- **Activity**:
From the first line to the last, copy the material exactly and leave the pictures out.

- **Provided data**:
Content starts

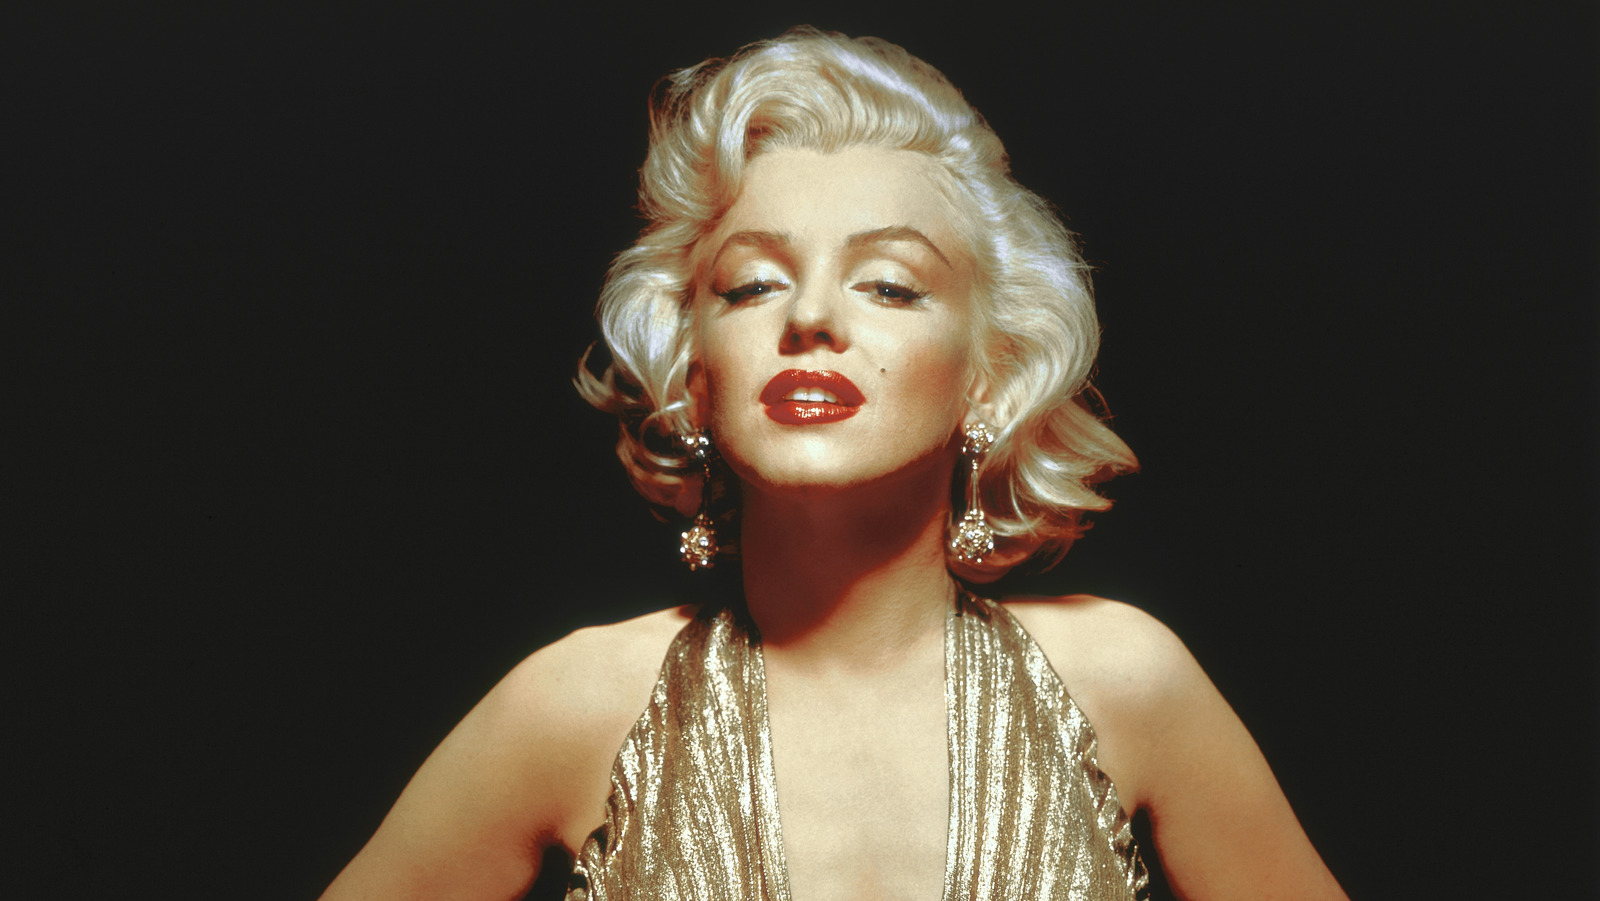 5. Short Blonde Marilyn Monroe Costume - wide 1
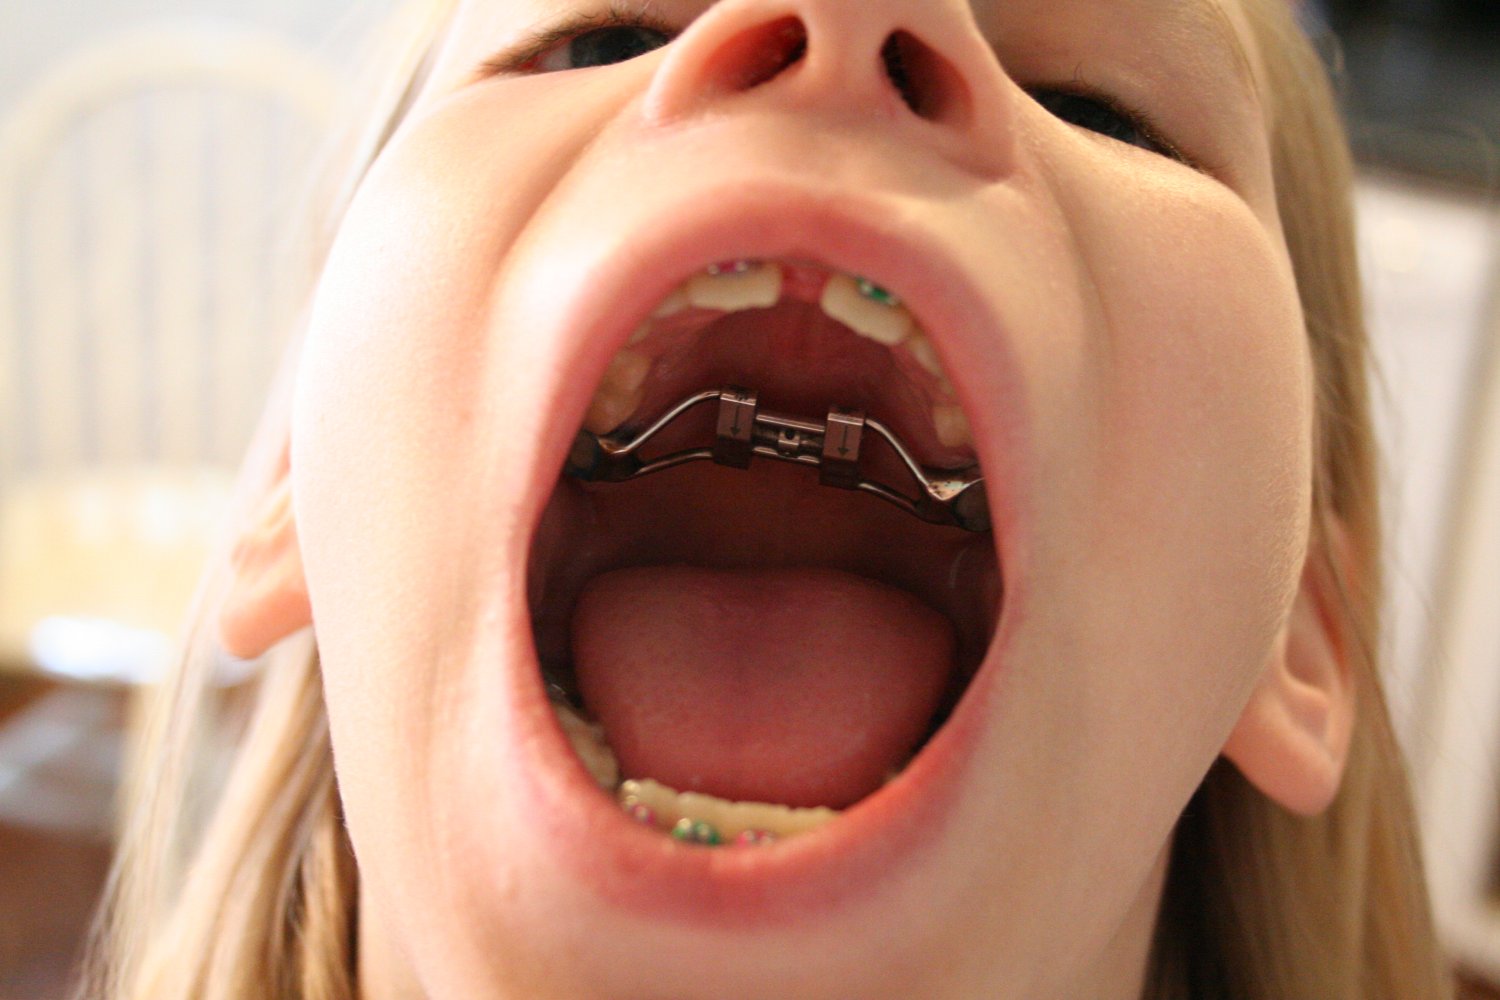 Teen braces swallow
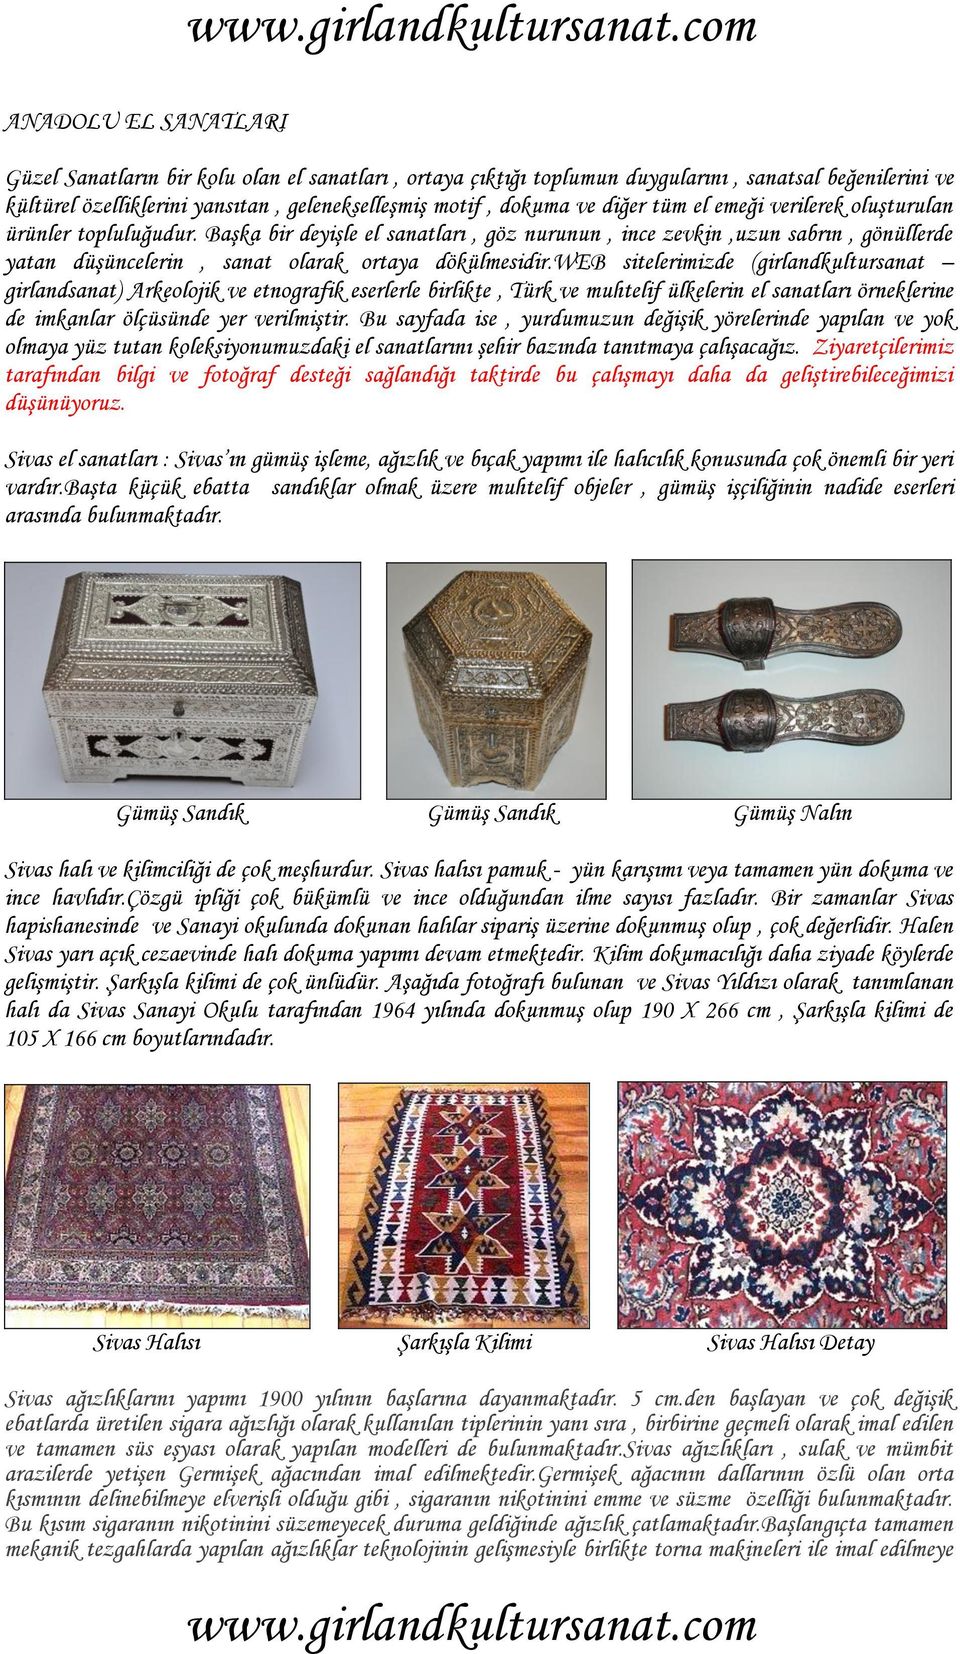 web sitelerimizde (girlandkultursanat girlandsanat) Arkeolojik ve etnografik eserlerle birlikte, Türk ve muhtelif ülkelerin el sanatları örneklerine de imkanlar ölçüsünde yer verilmiştir.

Content ends

- **Task output**:
 5. Short Blonde Marilyn Monroe Costume - wide 1
 Teen braces swallow
 web sitelerimizde (girlandkultursanat girlandsanat) Arkeolojik ve etnografik eserlerle birlikte, Türk ve muhtelif ülkelerin el sanatları örneklerine de imkanlar ölçüsünde yer verilmiştir.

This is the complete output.